My problem case is different, though:

mysql_real_connect()
mysql_use_result() (on a query that selects 80-some rows)
mysql_fetch_row() x3
mysql_free_result()
mysql_close()

repeated about four times.

(There's a lot of processing in between these statements that's not included here.)

The fourth time I get through this process, the mysql_free_result() call hangs.

I read through the docs and noticed that you're not supposed to call mysql_free_result on a result set you've opened with mysql_use_result until you've reached the end with mysql_fetch_row, but if I try to throw a loop in front of mysql_free_result to call mysql_fetch_row first, that statement hangs.
[3 Jun 2010 15:13] Alexey Vlasov
MySQL-client-5.1.47-1.glibc23.x86_64.rpm also hangs.
[17 Aug 2010 20:07] Sveta Smirnova
Thank you for the feedback.

Could you also please test with version 5.1.49: this can be same as bug #52528 which is not repeatable in version 5.1.49.
[17 Sep 2010 23:00] Bugs System
No feedback was provided for this bug for over a month, so it is
being suspended automatically. If you are able to provide the
information that was originally requested, please do so and change
the status of the bug back to "Open".
[1 Oct 2010 18:31] Alexey Vlasov
If the client is on the server with the kernel 2.6.32 (MySQL server can be on any kernel) the bug of the first type it is not played back (when it hangs 50/50). It is actual for all MySQL versions.

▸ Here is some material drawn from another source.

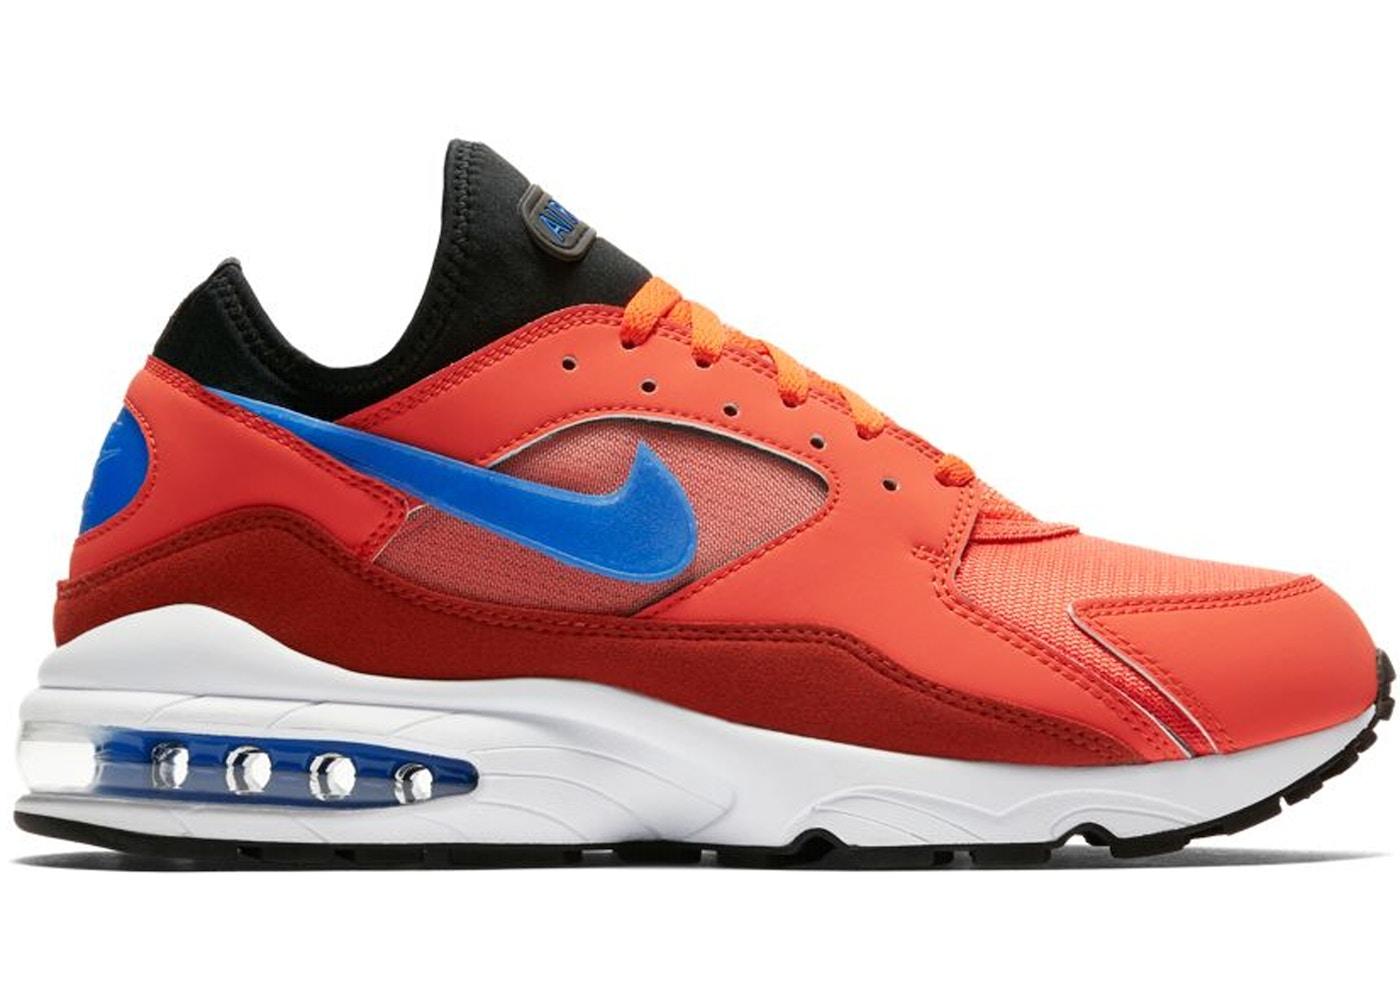 Nike Air Max 93 Vintage Coral - 306551-800

The bug of the second type (100% hanging) can't be played back yet as there're still not enough websites on servers with 2.6.32 kernel.
[26 Apr 2011 9:56] Alexey Vlasov
In general, I can say there is no bugs on kernels >= 2.6.32.
[27 Apr 2011 10:10] Valeriy Kravchuk
So, looks like this was more a problem of older Linux kernels than of MySQL code.
[11 Apr 2013 18:49] Angie Hinrichs
Yes, it's 2013 but my group is developing on kernel version 2.6.18 (mysql 5.0.67), and I encountered this problem a couple days ago, after developing on this system for years with no such problems.  

In case it helps anyone else, after I did a 'RESET QUERY CACHE', the problem disappeared!  No more hanging mysql_fetch_row (... __read_nocancel).
[13 Apr 2013 9:56] Alexey Vlasov
You can also make OPTIMIZE TABLE it will help.
Actually I had such hangings also on new linux kernels but very, very rare.